I’ve had a stress headache for about 2 weeks now. Plans have gone horribly awry due to bad organisation of others. The control is totally out of my hands and everything’s gone tits up. I’m having to totally recalibrate the path I thought I was on and the 6 months ahead suddenly look drastically different because of the hopes and dreams that I’d attached to this trip.
It’s so strange how much you don’t realise you want something until it’s in front of you. Before November the idea of Nigeria was in my mind but in a distant future kind of way. In a when I’m older kind of way. When I’m ready to fully embrace the whole of myself kind of way. This trip meant more to me than just work. Although it’s true to say that the idea of being around fellow creatives in my homeland was the cherry on top – this had so much emotion and hope attached to it that the only way I can describe the way I feel now is…lost.

Lost in a my loss of of opportunity to learn more about who I am, where I come from… It’s so hard to describe the mixed race experience to people if they have no connection to it. I guess in some ways it lies alongside the immigrant one. I was speaking to a friend of mine recently who has to wait til next year before he can apply to be a UK citizen and listening to his frustration at not feeling like he’s settled or fully accepted felt familiar. Don’t get me wrong, I am in a much stronger position than he in terms of stability and work options – it’s that lack of belonging that I related to.
And why is that? Why do I feel so uncertain of my place? I was born in London, raised in Wales and Bristol. I have a home here. My life is here and yet still I feel so frustratingly separate. Code switching during various interactions, checking my behaviour to make sure it doesn’t catch a nervous look, trying to contain parts of who I am – it is exhausting. I try really hard to be my authentic self in every situation I’m in and not pander, but sometimes I do without realising.
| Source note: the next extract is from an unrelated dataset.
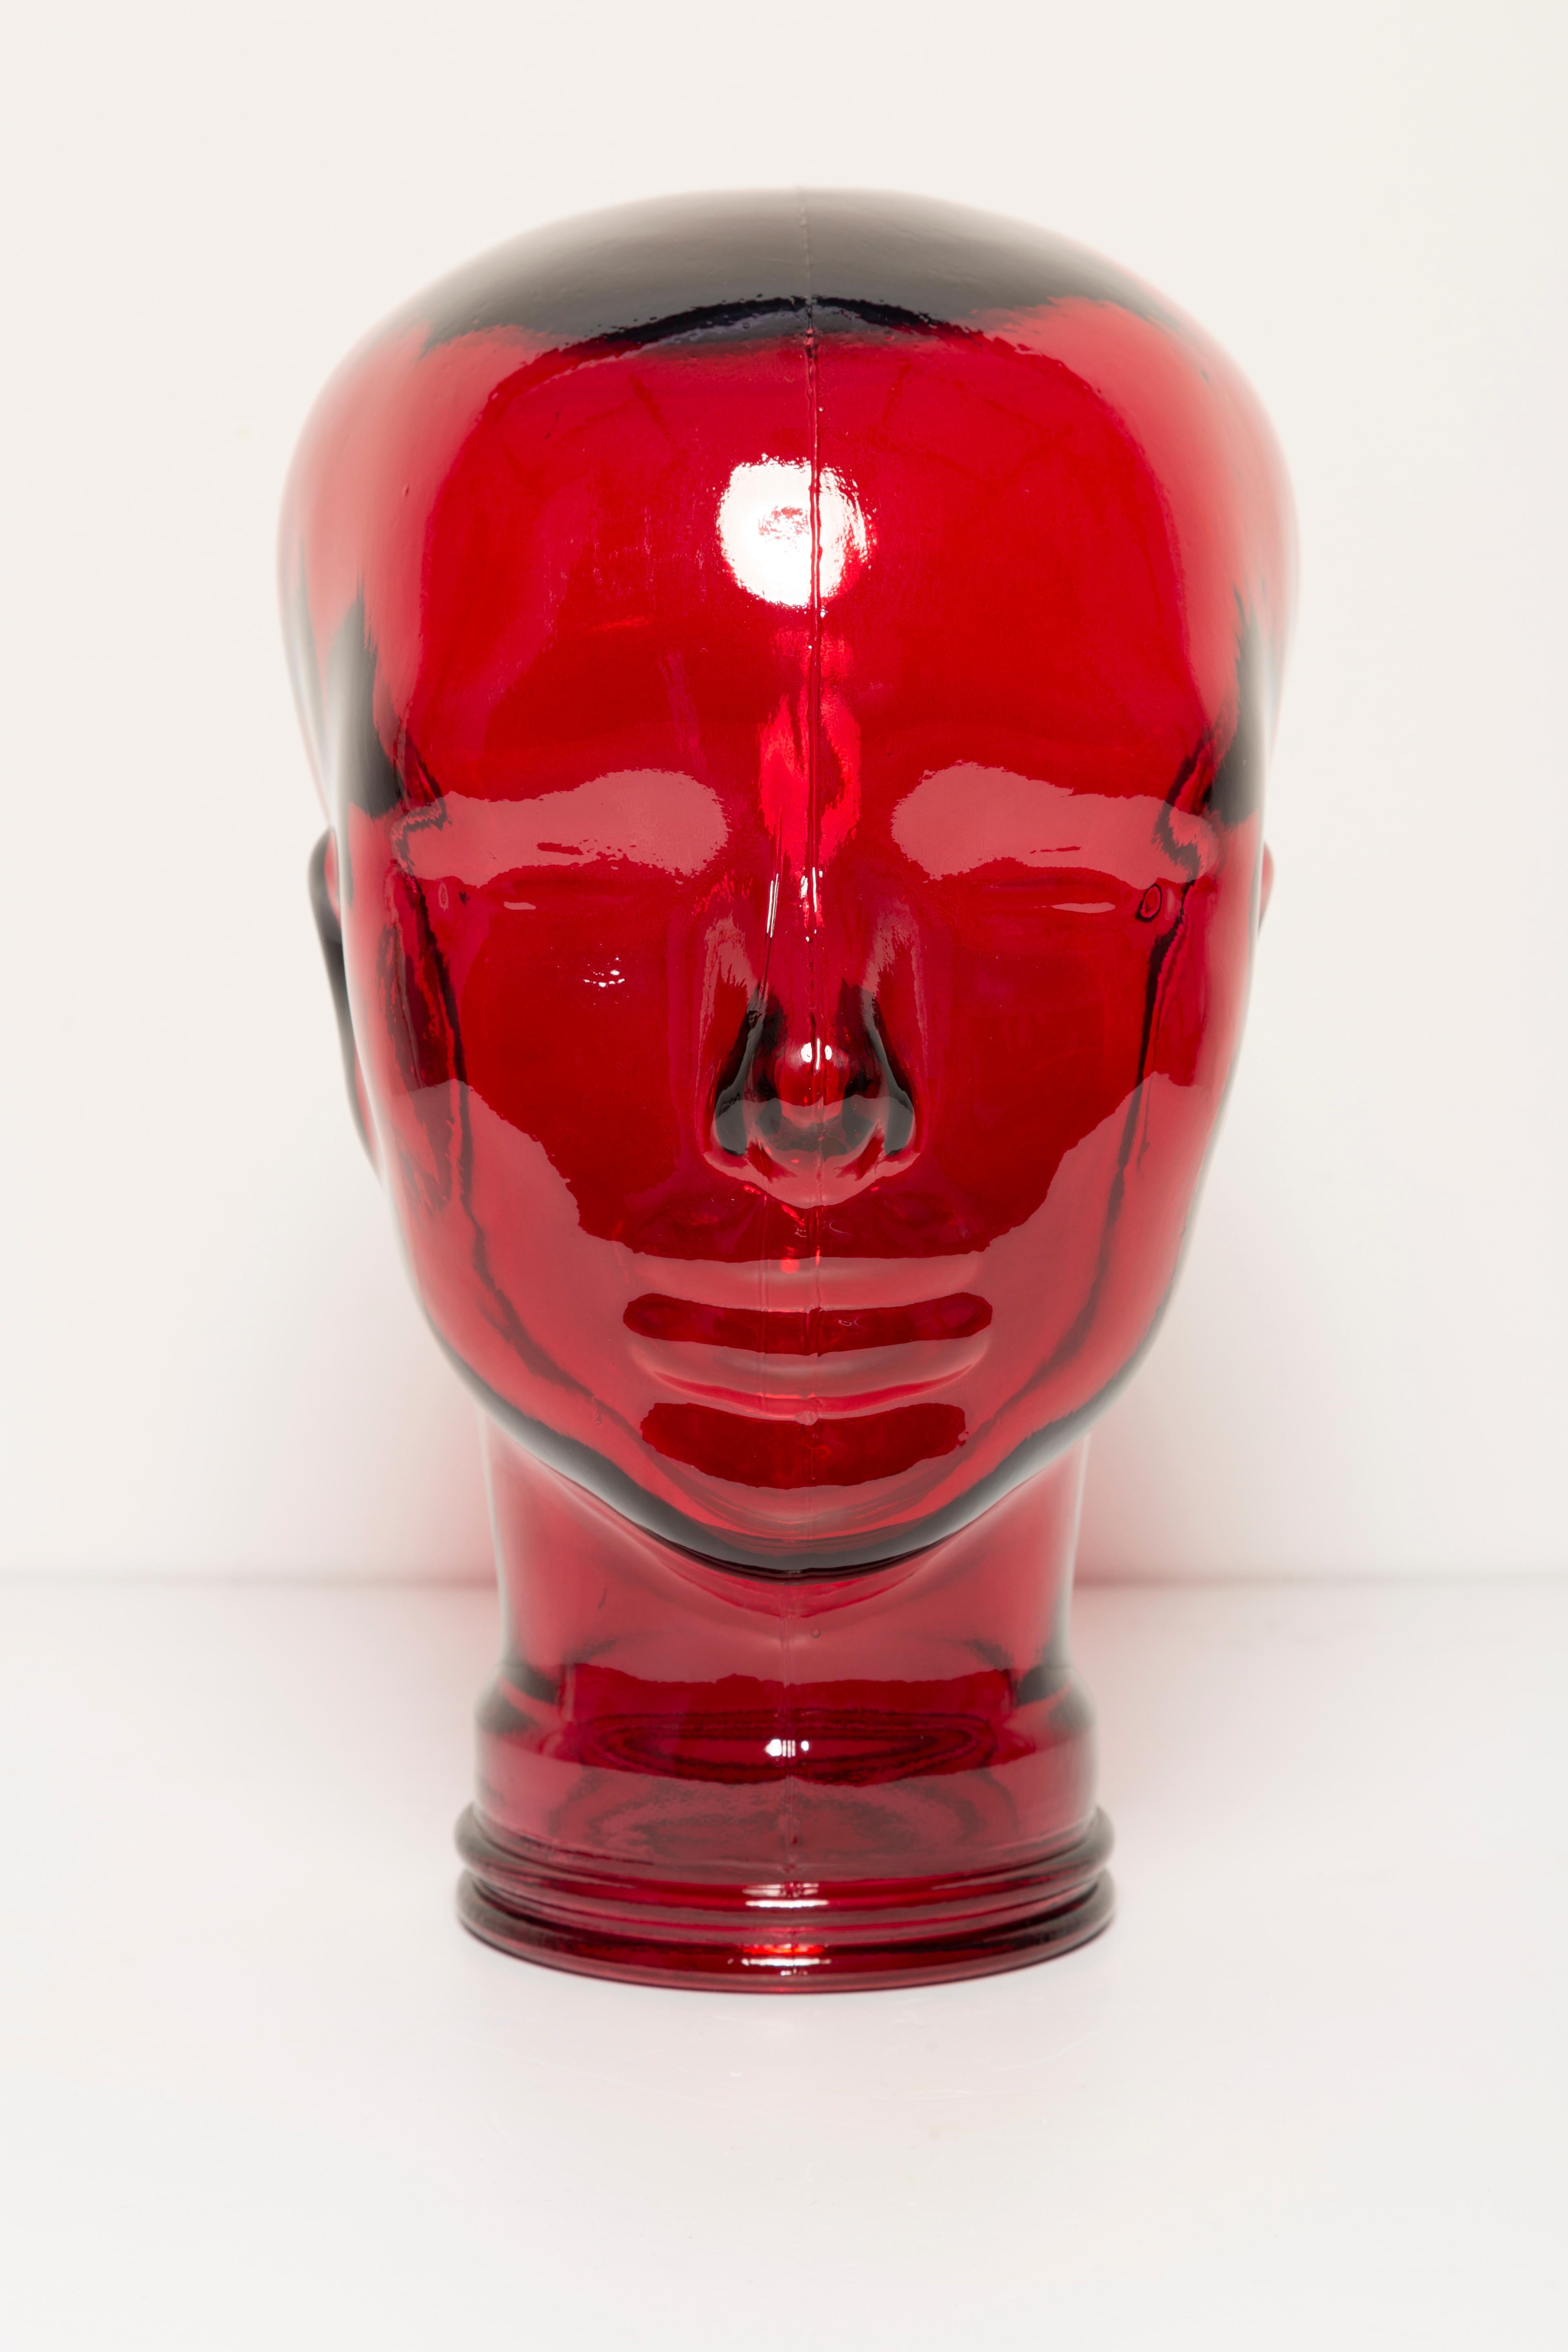 Life-size glass head in a unique red color. Produced in a German steelworks in the 1970s. Perfect condition. A perfect addition to the interior, photo prop, display or headphone stand.
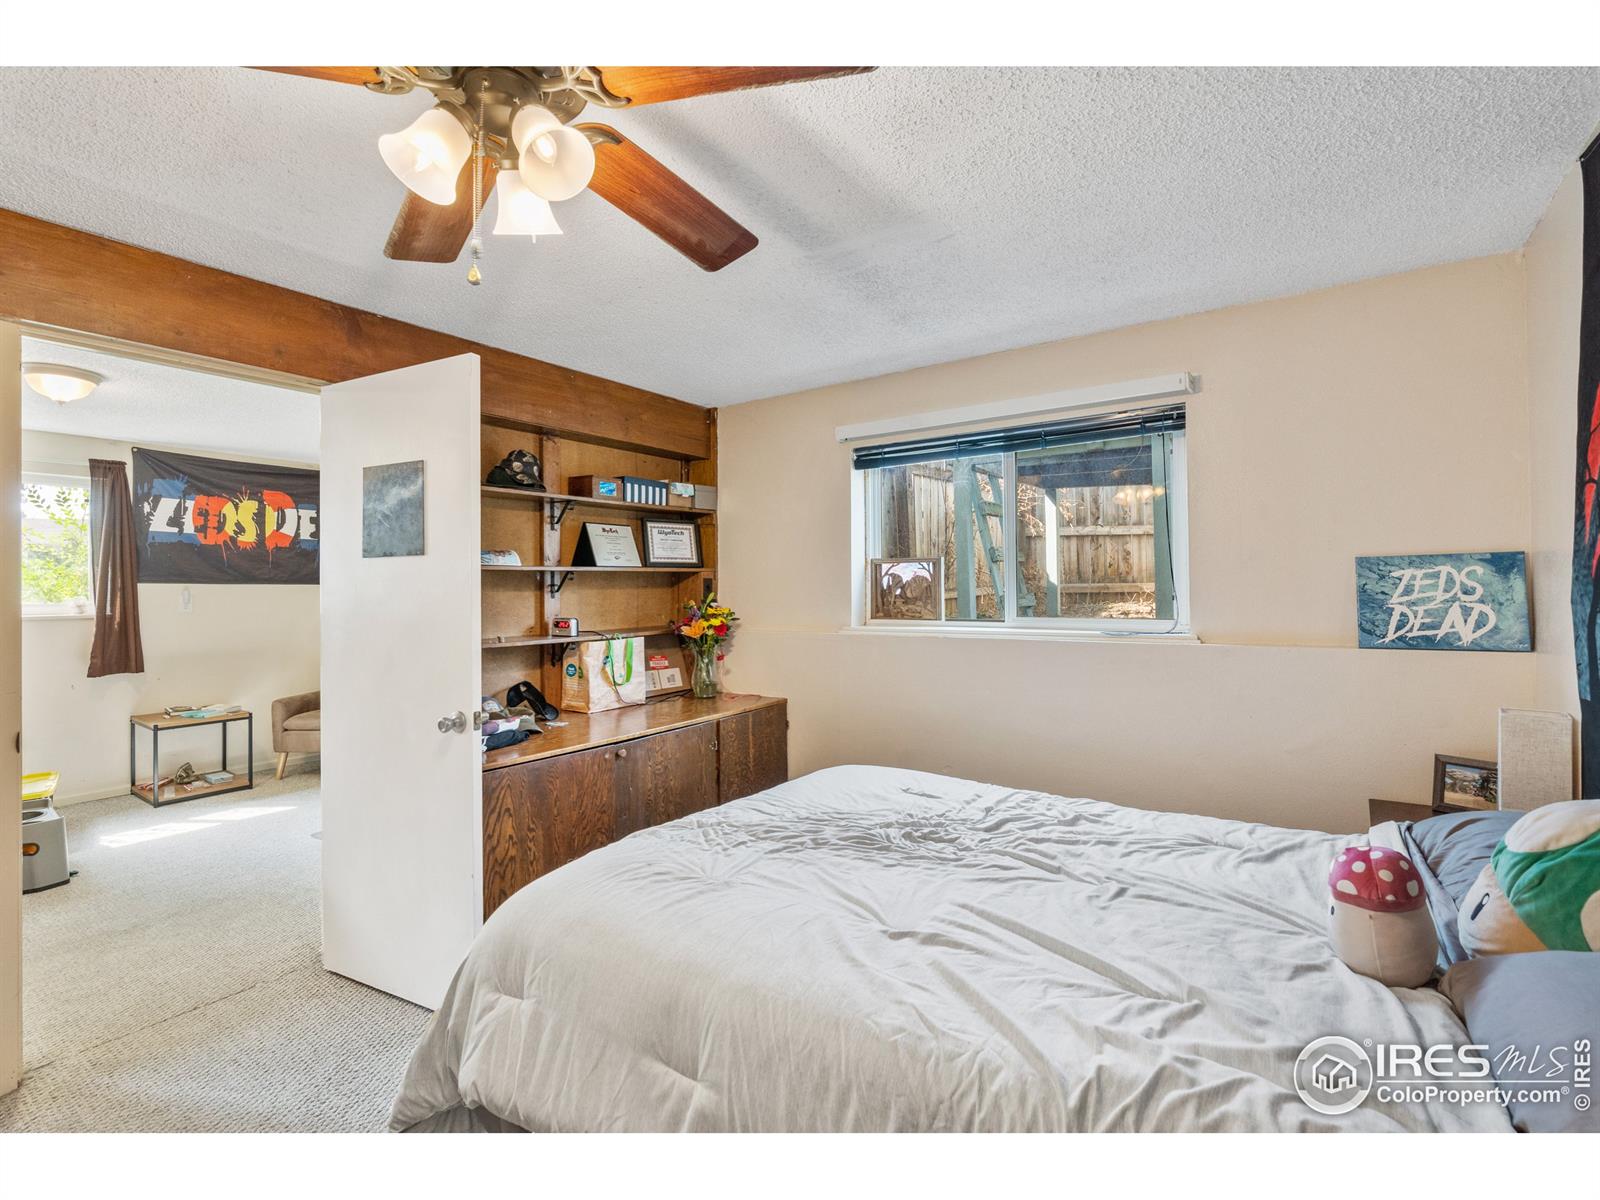 3006 Cumberland, Fort Collins, CO

I didn’t even realise what this feeling was until I went to Ghana. I don’t have as many friends of colour as I would like; few Nigerian ones (I am actively looking though soooo holla at your girl!) and have predominantly moved in white spaces so I find myself limited. I was actually mortified when someone said to me recently…wait, your Nigerian? So why don’t you know anything, you seem like the kind of person who would be interested in their heritage. (Cue heart breaking within chest). I’m so embarrassed to not know anything about myself. I consider it…myself an utter failure because of it. The part of me that removes me from the place I was born in is the exact thing I know nothing about.
That is what this trip meant to me. I wanted to document every feeling, every food, every traditional story. The dancing, the music, the mannerisms, I wanted to drink it all up and soak it into my bones and come back and share as much of it as possible because I know I’m not alone in this feeling. I know there are others having this same experience, on this same journey, with the same questions as me and I wanted to bring back some distant echoes of understanding.
So yes, my fingers have been bitten down to the nib with stress. I have a pit in my stomach that won’t go away and I feel like this screw up has let down any potential person that my trip might have been helpful to (Lol, ideas of grandeur much?!)
However, I am going to rope swing from that slim silver lining and look at these impromptu free days as a Ngaio holiday where I can spend my days reading, writing and getting ready for the next adventure.

If anyone reading this has any Yoruba/Igbo stories / links / books / recipes / people / podcasts / symbols / fabrics that I should check out please please share. I may not be in Nigeria yet but it doesn’t mean I can’t piece together some cultural understanding over the next few months. Everything I do devour on this little journey of self understanding I will write about. That will be my challenge – so if I don’t write for a while, poke me.
I begin this personal journey by finishing Black and British: A Forgotten History by David Olusoga.